O objetivo final da expressão de citoquinas humanas no PDX é gerar um modelo pré-clínico que modele mais de perto o ambiente in vivo presente nos pacientes. Isto foi testado comparando a expressão do genoma total em tecidos humanos isolados a partir do controlo PDX e da expressão de citocina (TSLP +) PDX às amostras originais do doente. Estes estudos mostraram que a expressão de genes em amostras de doentes está significativamente mais perto de células de leucemia de TSLP + PDX do que os controlos. Entretanto, nossos estudos focalizaram a linfopoiese.
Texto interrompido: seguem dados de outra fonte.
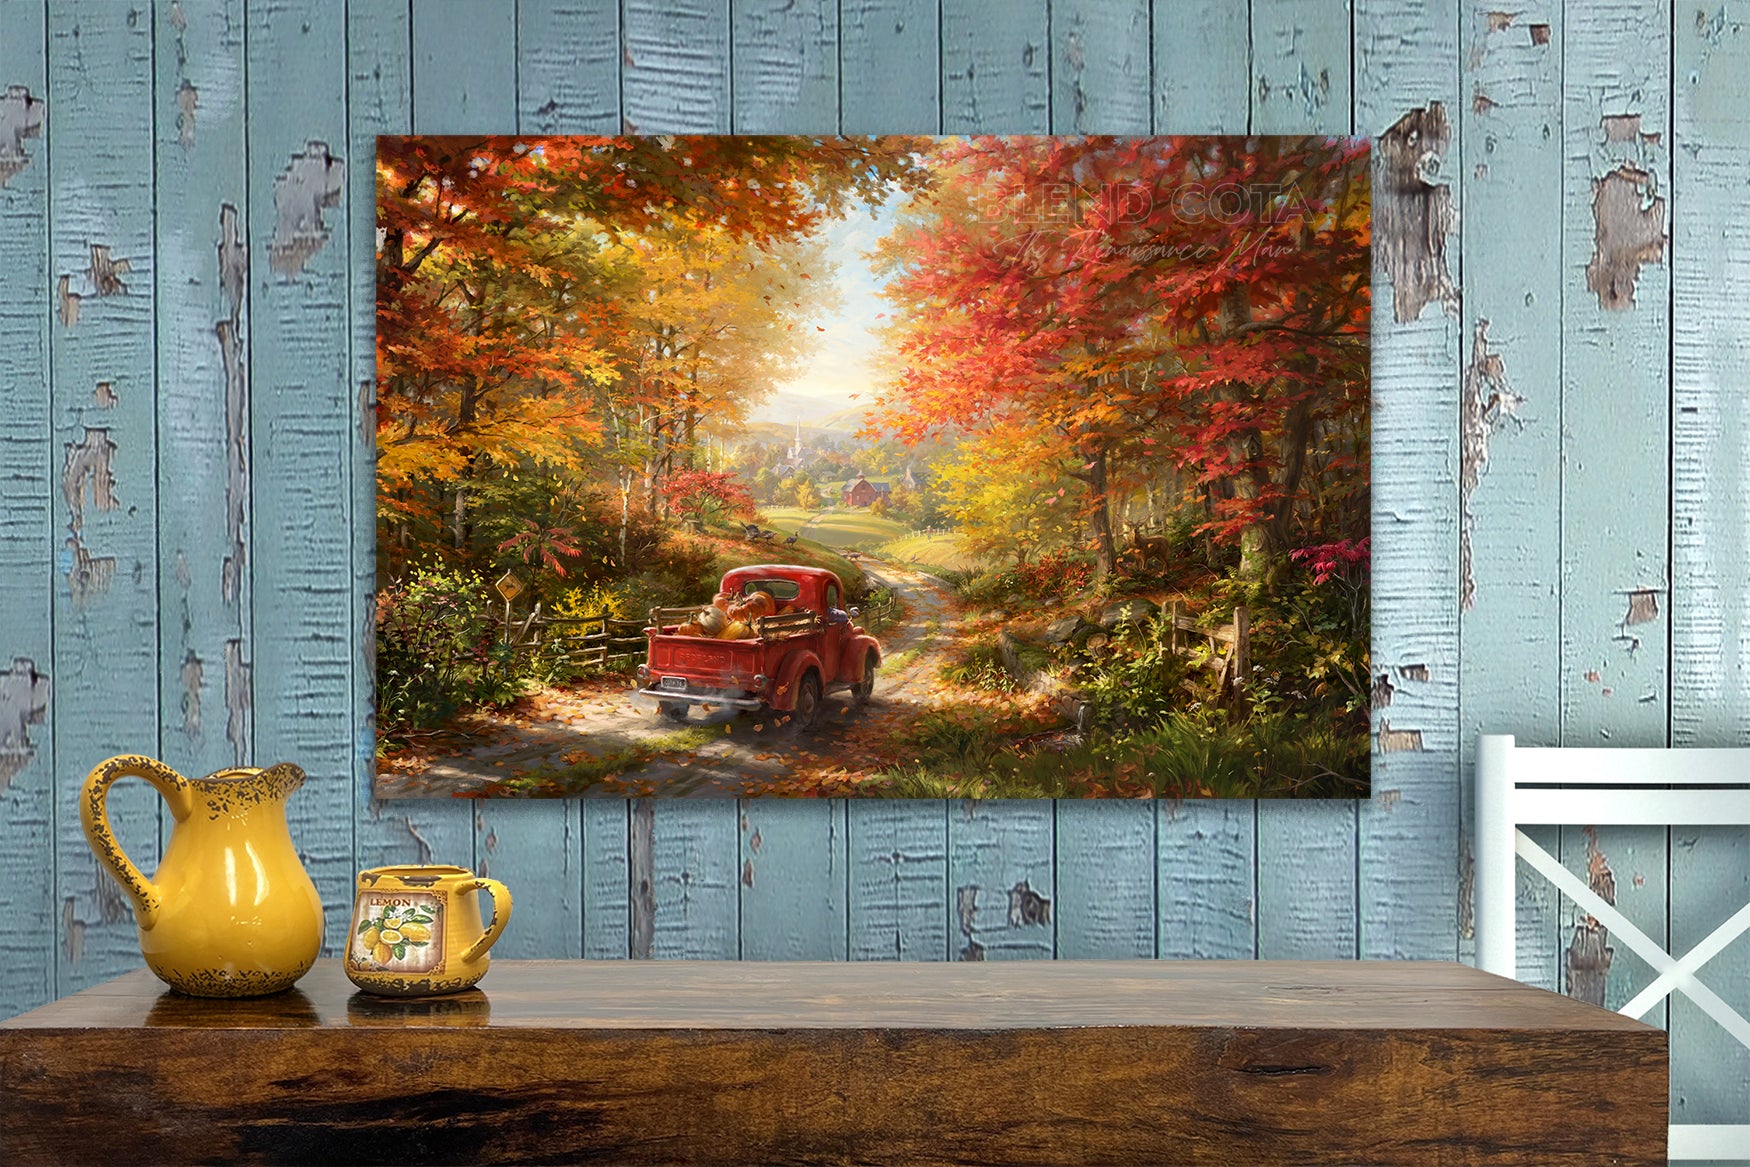 The Place I Belong | Fall Road Autumn Leaves - Blend Cota Limited Edition Art on Metal - Blend Cota Studios - room setting with painting hanging on blue wooden panel wall

Um certo número de citoquinas promotoras de mieloides produzidas no rato não activam as suas contrapartidas de receptor humano. Existem ratinhos knockin de citoquinas humanas (ratinhos NSGS e outros) que abordam esta questão. Na verdade, um valor do modelo que descrevemos aqui é que ele pode ser usado em ratos NSGS para criar um modelo que mais closEly modela o ambiente humano vivo expressando TSLP além de citocinas humanas promotoras de mielóides. Por outro lado, um sistema de citoquina +/- poderia ser gerado em ratinhos NSG utilizando o método aqui descrito para cada uma destas citoquinas promotoras de miócitos. Este modelo pode ser utilizado para estudar o papel preciso in vivo de cada um deles na mielopoiose e / ou leucemia mielóide.

O PDX desenvolvido que produz os níveis fisiológicos de TSLP humano proporciona um modelo pré-clínico que imita mais de perto o ambiente in vivo presente em pacientes do que o PDX clássico. 4 A produção de ratinhos PDX de controlo que são igualmente manipulados, são também descritos. Juntos, o controlo e o PDX produtor de citoquinas criam um sistema TSLP +/- modelo humano que utilizamos com sucesso para avaliar o papel da TSLP na produção in vivo de células B humanas normais e malignas. 4 , 6 IssoÉ altamente relevante para estudos de uma forma particular de alto risco de leucemia linfoblástica aguda de células B (B-ALL) que é caracterizada por alterações genéticas que levam à sobre-expressão de CRLF2. CRLF2 é um receptor para a citoquina TSLP e assim a sinalização CRLF2 induzida por TSLP provavelmente contribui para a oncogénese e progressão de CRLF2 + B-ALL. O uso de PDX para estudar esta doença é particularmente crítico porque PDX nos permite estudar a leucemia no contexto da paisagem genética do paciente. A paisagem genética como contribuinte da doença está fortemente implicada no CRLF2 + B-ALL, que ocorre cinco vezes mais frequentemente em crianças hispânicas / latinas do que outros e constitui metade de todos os casos de B-ALL em pacientes com Síndrome de Down. Os modelos PDX que expressam TSLP humana tal como o descrito aqui serão uma ferramenta importante na identificação de terapias e mecanismos de compreensão de doença de CRLF2 + B-ALL, bem como para a compreensão da hematopoiese normal.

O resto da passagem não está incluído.